Elon Musk gets defensive over Tesla autopilot death

Elon Musk

Elon Musk is digging in his heels in defending Tesla’s autopilot feature on its Model S cars. In emails with Fortune Monday, Musk reportedly told a journalist the death of the driver who was using autopilot was not of material importance to Tesla shareholders, and therefore didn’t need to be disclosed sooner, reports inc.com.

The feature is coming under scrutiny after a driver who had activated autopilot on the highway died in a crash in Florida in May. The journalist, decorated financial writer Carol Loomis, was asking the company why it had not disclosed the death to shareholders before a public offering of more than $2 billion in shares, which occurred roughly 10 days after the May 7 crash. Tesla put out a public statement about the crash just last week.

The delay in informing shareholders compounds concerns about the safety of Tesla Model S vehicles and the transparency of Tesla as a company.
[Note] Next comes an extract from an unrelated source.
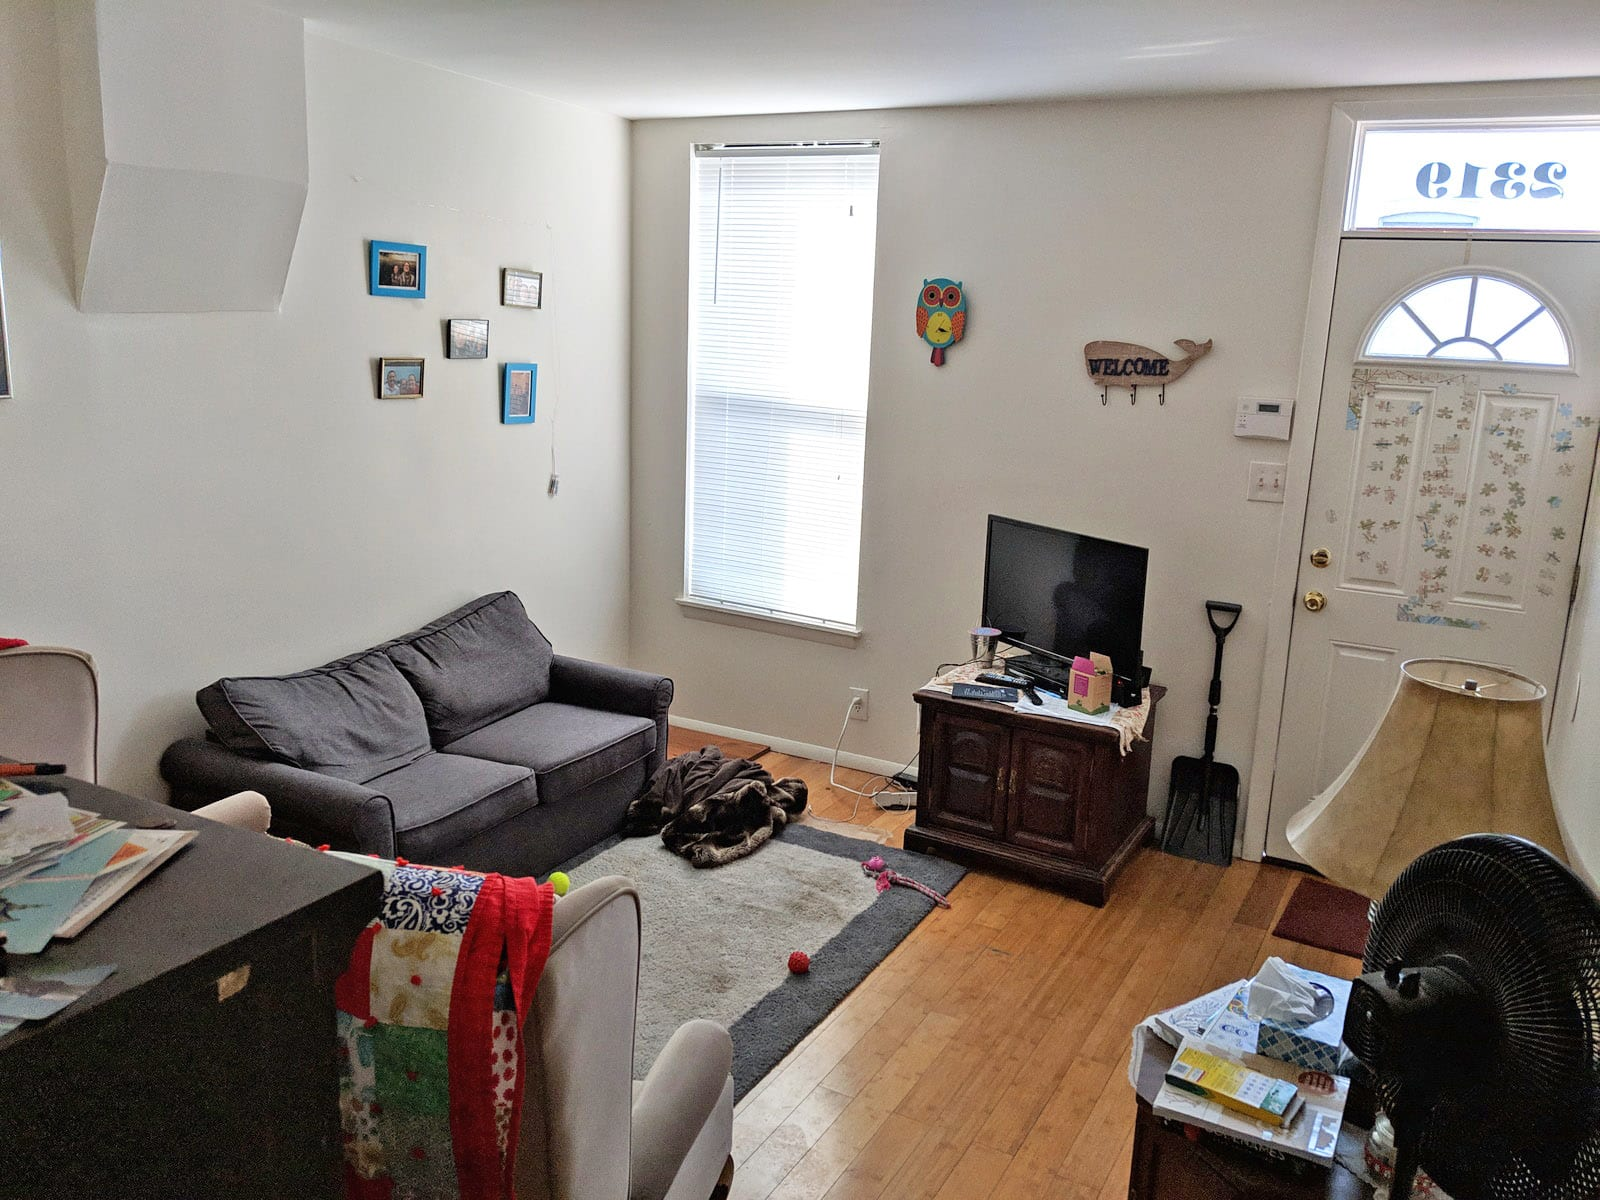 291 2319 Living Room

Even before the crash, some were alarmed by videos posted online of drivers allowing autopilot–sort of a teaser of anticipated full self-driving car technology–to take over the wheel of the car.

Witnesses of the Florida crash have reported the Tesla driver who died was watching a film from the Harry Potter series at the time of the accident, a detail that would seem to further bolster perceptions that drivers are placing excessive trust in an untested feature.

Musk told Fortune that the crash “is not material to the value of Tesla” as far as shareholders are concerned.

He was then quoted as saying, “Indeed, if anyone bothered to do the math (obviously, you did not) they would realize that of the over 1M auto deaths per year worldwide, approximately half a million people would have been saved if the Tesla autopilot was universally available. Please, take 5 mins and do the bloody math before you write an article that misleads the public.”

The comments echo a statement published last week to the website for Tesla. “This is the first known fatality in just over 130 million miles where Autopilot was activated. Among all vehicles in the US, there is a fatality every 94 million miles,” the statement reads.

It continues, “As more real-world miles accumulate and the software logic accounts for increasingly rare events, the probability of injury will keep decreasing. Autopilot is getting better all the time, but it is not perfect and still requires the driver to remain alert.”